Şili’deki maden kazasında 70 gün toprak altında kaldıktan sonra kurtarılan 33 işçiden biri. 2013 yılında kurulan Fundacion los 33 de Atacama Vakfı’nın başkanı. Kazadan sonra maden işçiliğini bıraktı ve hayatını kazaları önlemeye adadı. Vakıf dünya çapında maden kazalarını önlemek ve işçilerle dayanışma içinde olmak hedefiyle kuruldu. Madenden en son çıkarılan olduğu için Senyor Luis kendisine ‘33 numara, umudun son meyvesi’ diyor. Irriban 2010’da Şili’de ve bugün Türkiye’de yaşanan felaketin ortak noktasının, güvenlik sorunu olduğunu belirtiyor:

“Yaşam odaları ve kaçış yolu organizasyonunun önemini anlatmak için bu vakfı kurduk. Türkiye’deki yetkililere serzenişim şudur; daha fazla can kaybı yaşanmaması için kurtarma operasyonunu maden mühendisleri ve işçilerle organize edin. Yeraltının cehenneminden kurtulduğum ilk an, ne karıma ne de çocuklarıma sarıldım. Şili Başbakanı'nı karşıma alıp ‘Ya basta, nunca mas!’ (Artık yeter, bir daha asla!) dedim. O günden beri maden kazalarının bir daha asla yaşanmaması için çalışıyorum.”

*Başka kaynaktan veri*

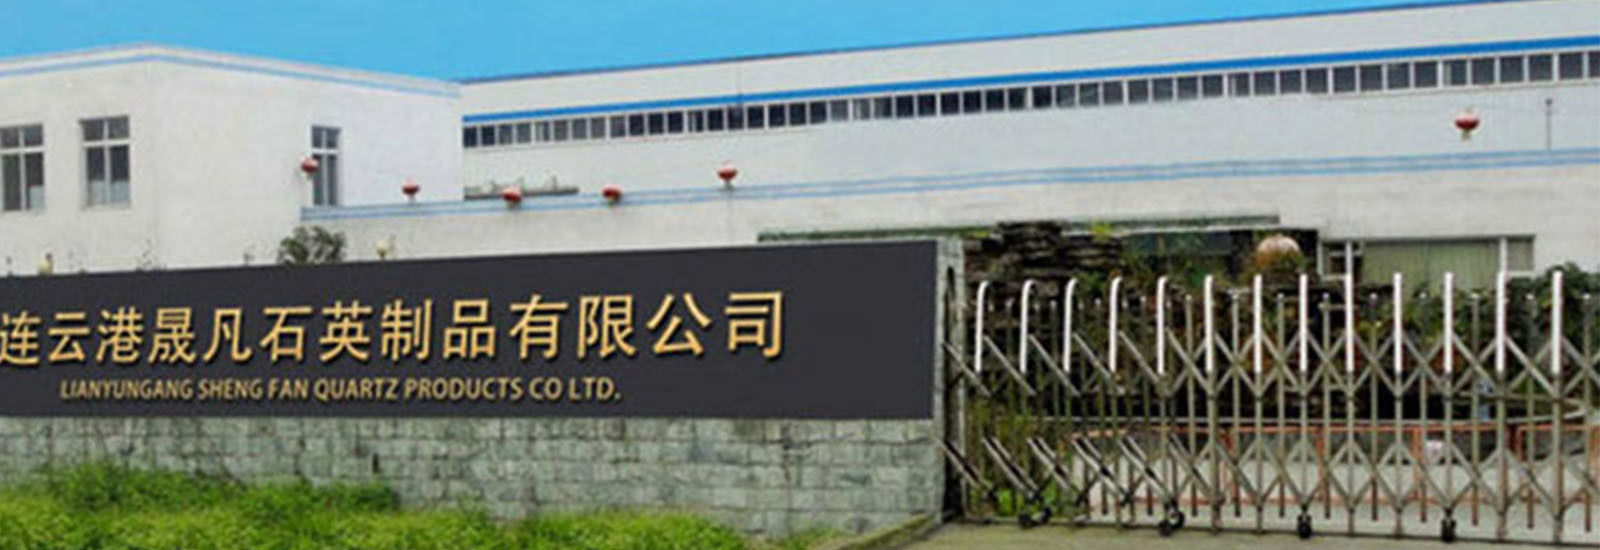 중국 Lianyungang Shengfan Quartz Product Co., Ltd 회사 프로필

Irribarren Soma için de iyi dileklerini dile getiriyor:

“Ülkeniz için dua ediyorum. Aynısını ben de yaşadım. Yüreğimdeki hüznü ve ruhumda hissettiğim empatiyi kelimelerle açıklayamam. Maden işçileri her gün ölüm korkusuyla işbaşı yapar. Evden çıkarken çocuklarını son kezmişçesine kucaklar. Bu hissi ancak bir madenci anlayabilir. Dünyanın diğer ucundaki madenci kardeşlerim, Tanrı’ya ve ailenize inancınızı yitirmeyin. Ben 69 gün sonra o cehennem çukurundan kurtuldum. Her bir gün ümidimi yitirmemek için ruhumla savaştım. Umudun olduğu yerde mucizeler yeşerir! Kalbim her dakika sizlerle atıyor . Türkiye Cumhuriyeti gelmemizi talep ederse, ben ve diğer 32 arkadaşım Türkiye’ye gelerek destek vermeye gönüllüyüz. İşçi aileleriyle dayanışmak istiyoruz.”
70 günlük esaretten sonra kurtarılan 11. madenci olan Orellana, Şili’de gerçekleşen kazanın madencilik sektöründe bir örnek olduğunu düşünüyor. 60 yaşındaki Orellana’ya göre Şili’deki kaza madenciliğin miladıydı:

“Artık Şilili mühendisler madenciliği ondan önce ve sonra diye ikiye ayırıyor. Yine de madencilik sektörü hatalarından ders alıp yeterince ilerleyememiş olacak ki Türkiye’deki bu iç karartıcı kaza gerçekleşti. Bizim çalıştığımız bakır madeniydi, Türkiye’deki kömür madeni ve şartlar daha ağır. Hayatını kaybedenlerin ailerine sabır, halen mahsur olan Türkiye’deki meslektaşlarıma da sabır ve cesaret diliyorum.”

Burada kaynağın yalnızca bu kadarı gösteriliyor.